6. It is sometimes perceived that the interests of the cultural heritage and archaeology are at odds with the interests of nature conservation. Nature conservation measures which are beneficial to the natural environment (such as managed coastal retreat) can inadvertently damage archaeological remains but these problems can be avoided (or mitigated) if cultural heritage and nature conservation organisations work closely together. Such co-operation is essential if we are to protect and manage wetlands to our mutual benefit.

7. Public support for wetland conservation is a precondition for the long term preservation of what remains of these ecosystems, and for securing the significant resources that are required to restore wetlands that have been destroyed or severely damaged. Cultural components of wetlands in general, and archaeological aspects in particular, are an important feature which attracts the interest and support of sectors of society not necessarily engaged with nature conservation values.

8. Two recent news items demonstrate the complexity of these issues as well as some of the tensions that result from trying to reconcile the different needs of society in relation to wetlands, and further emphasise the critical importance of working to integrate cultural heritage and nature conservation, not just with each other, but also with wider interests and concerns.

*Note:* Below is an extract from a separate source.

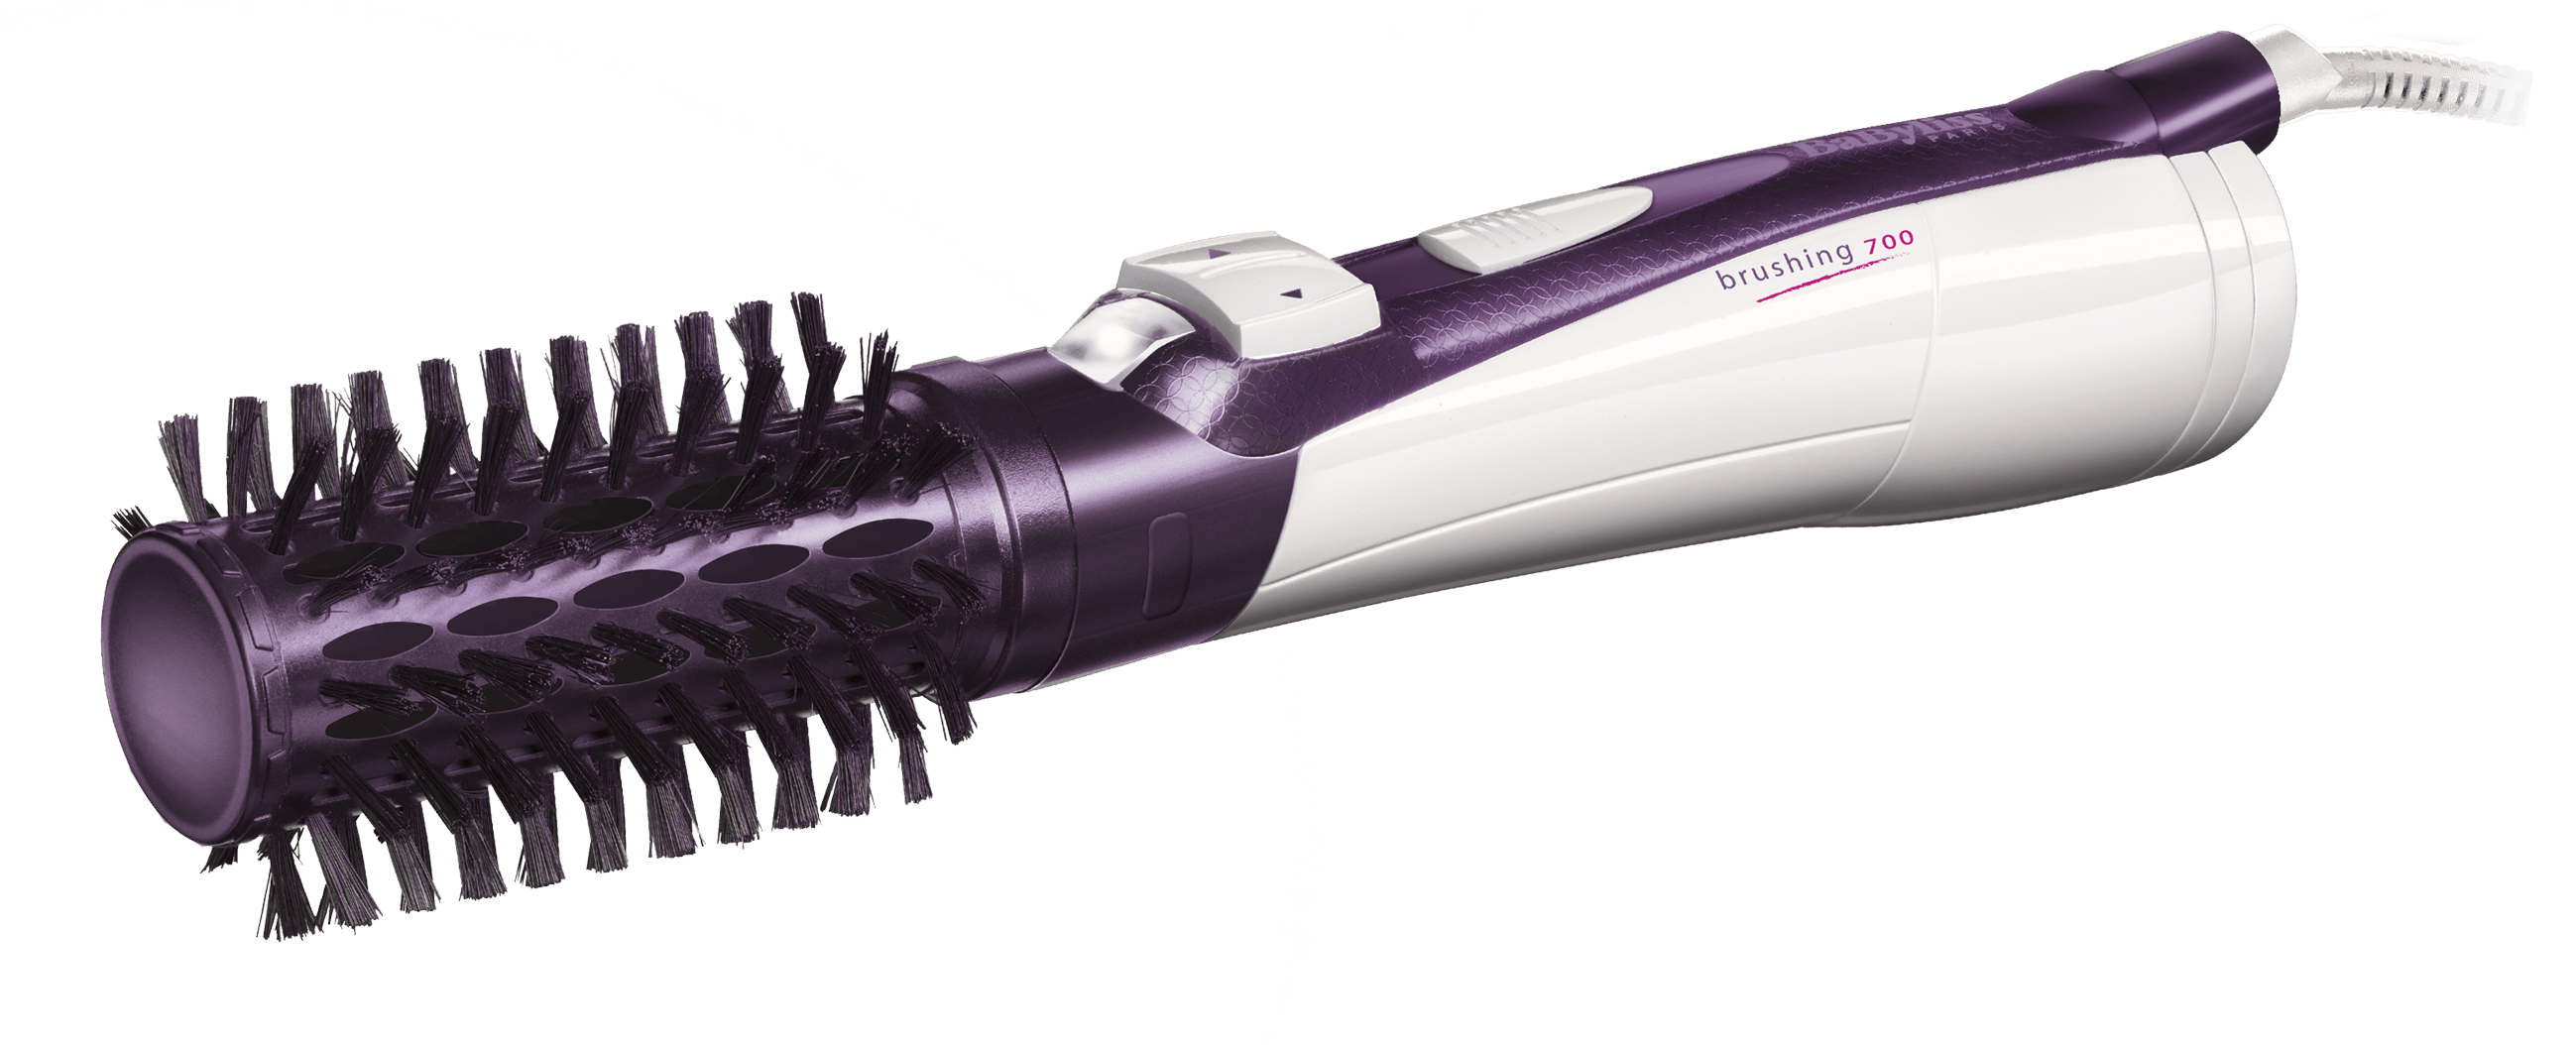 BaByliss Straightener Wet Dry LED Touch & BaByliss Hair Styler

9. In England, a 1,500 hectare farm, part of the North Kent marshes on the Isle of Sheppey, has ceased agricultural activity entirely and the farmer now derives his income solely from government conservation subsidies to manage the land for wildlife. This move to 'grow' wildlife won praise from nature conservation organisations, but caused concern among other farmers, and was not reported positively in much of England's press. In Greece, classical history and archaeology societies have joined environmental protesters to condemn the threat posed by plans to develop part of the Schinias marshes as an Olympic rowing complex; managers of the scheme claim that the development is environmentally positive and would actually halt the degradation of the marsh.

10. Examples of good practice in wetland management illustrate the mutual benefits and opportunities for nature conservation and heritage management and how it can be integrated in a broader socio-economic context. At the Federsee (Baden-Württemberg), for example, a multi-disciplinary approach unites the work of the state agencies for nature and monument conservation, agriculture, forestry, land, and property administration, and is supported by the European Union (LIFE and LEADER programmes).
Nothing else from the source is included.